I doubt a file-system based broker would be feasible given the limitations imposed by IO. webhook might be doable but would be rather inefficient (not to mention the security implications).
marc had this to say in another thread.
Okay , lets agree on something here :
Regardless of the method of cache invalidation you will choose , it should be decupled from hybrid cache itself, and it should be extendable as you guys always do,
so I suggest for starter that we introduce events to notify any concerned parties :
what we could do is to introduce a new property in HybridCacheOptions Called Events and it contains three properties
OnGet => Action/Func<> returns (Key , CacheItem<Object>)
OnSet => Action/Func<> returns (Key , CacheItem<Object>)
OnDelete => Action/Func<> returns (Key)
and on the Startup.cs the consumer can do what he likes , Send an Integration event, Pub/Sub , MediatR notification options are endless......
and based on this we could easily build extensions to handle various providers.
if you think this is a good place to start from please tell me , I'm ready to implement it.
pub/sub is pretty darn efficient and is the standard solution for a variety of implementations. see FusionCache for example.
FusionCache creator here: can confirm, works like a charm, but as already said it's (most probably) the same approach that will be used with HybridCache itself.
Also, just to be clear: FusionCache is implementation agnostic, even for the backplane.

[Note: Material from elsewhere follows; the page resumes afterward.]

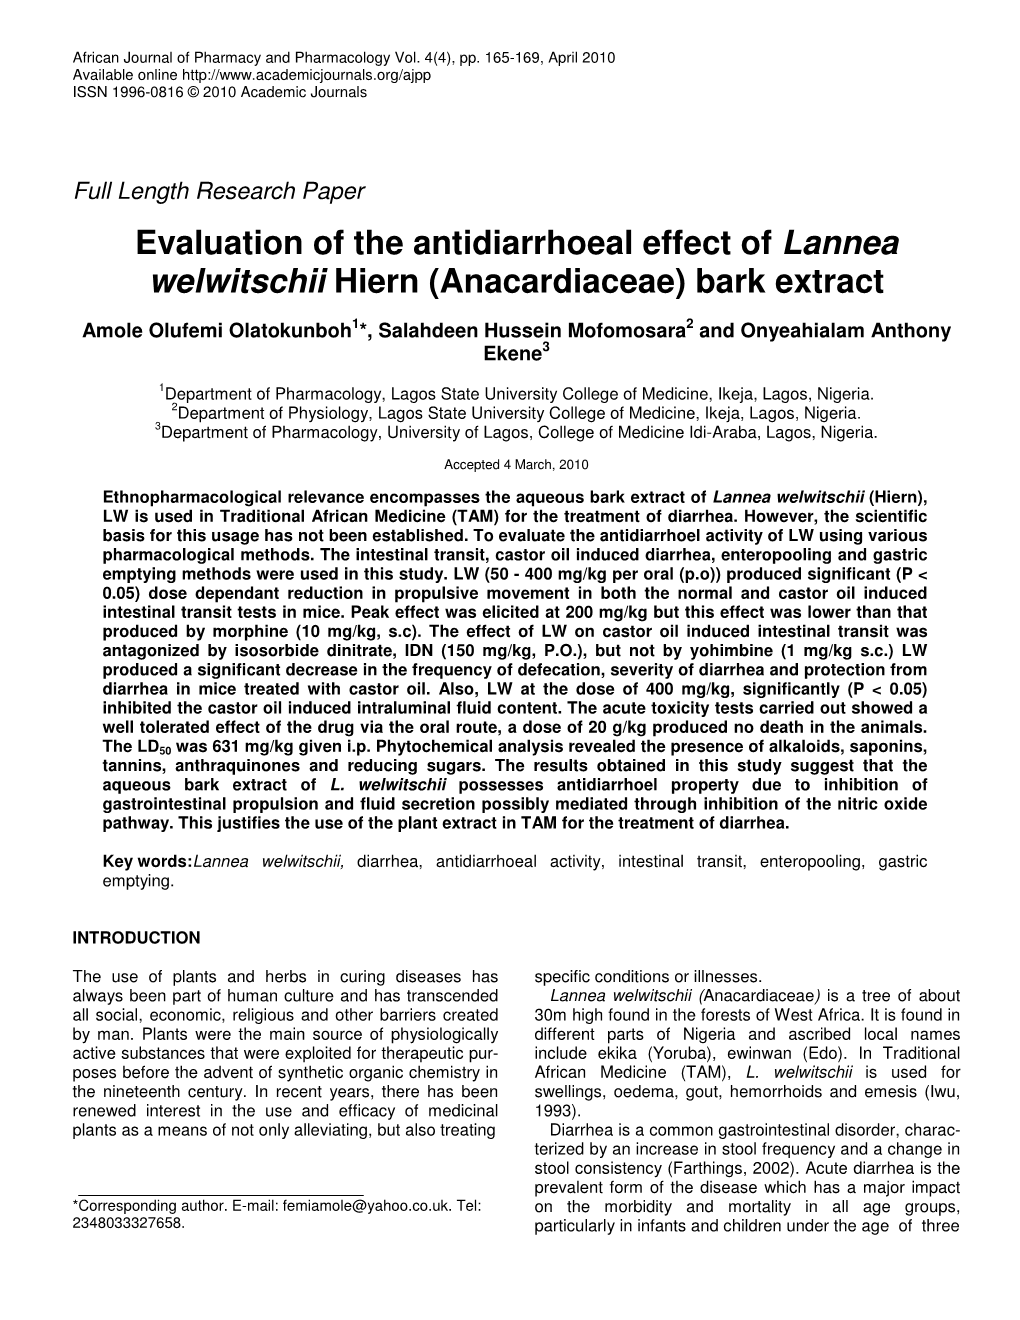 Evaluation of the Antidiarrhoeal Effect of Lannea Welwitschii Hiern (Anacardiaceae) Bark Extract
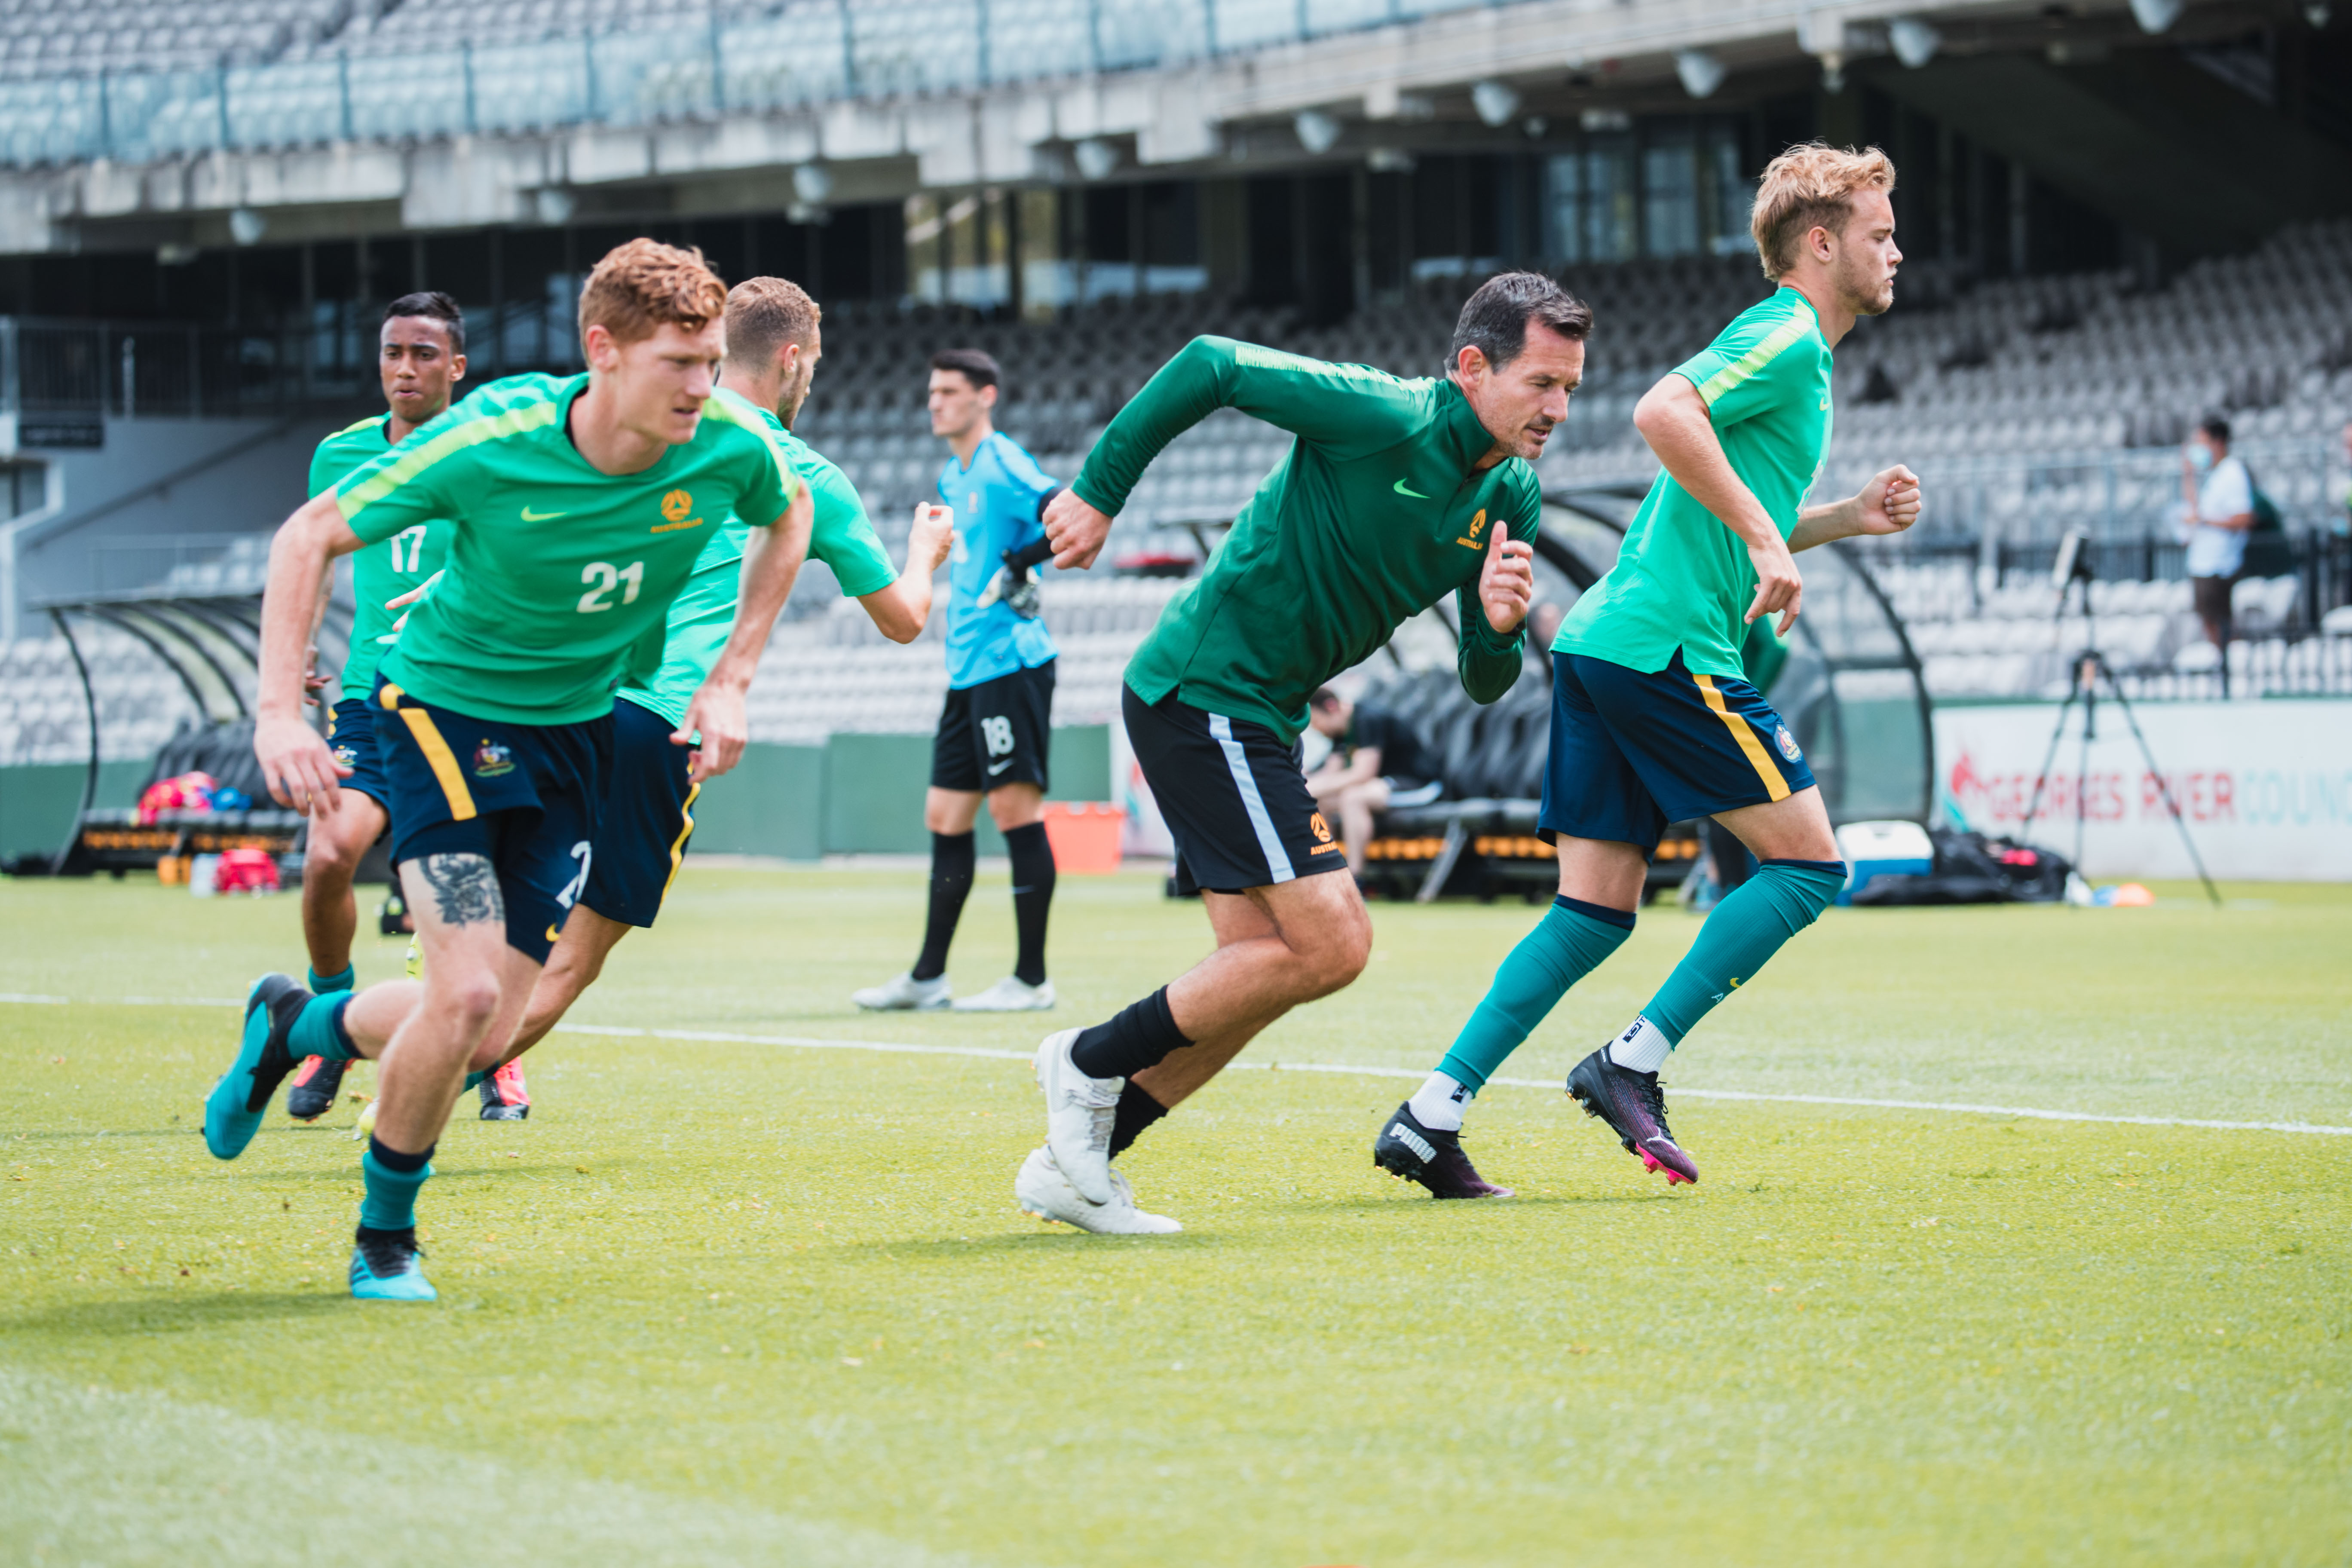 Olyroos in warm up

Currently it's the main one, but others can be created based on different technologies.
Hope this helps.
I would argue that adding something similar to HybridCacheEntryOptions.Flags to HybridCache.RemoveAsync parameters to allow users to clear out only local cache would be a great first step for user-provided workarounds for the time the actual API is figured out.
Currently I don't see an option to invalidate local cache only (other than trying some dirty hack with Set) .
Working on the design for this for Working on the plan for this, hopefully for net10
Working on the design for this for Working on the plan for this, hopefully for net10
All the best!
if you find anything worth labeling Help-wanted i would be delighted to help
Edit: Removed my polemic wording
Any progress on this?
For the record, I do not endorse the above statement, at least apart from the technical question.
Working on the design for this for Working on the plan for this, hopefully for net10
Is this plan dropped?
Is this plan dropped?
If you need the feature today you can use FusionCache (creator here). You can use it either directly or as an impl of HybridCache (see here), so there will be no direct dependencies in your code. The multi-node notification feature is called Backplane, and it works even when FusionCache is used as a HybridCache impl, so it's totally transparent.
Hope this helps.
NB: to be clear I'm not from MS and know nothing about their plans, I just wanted to help.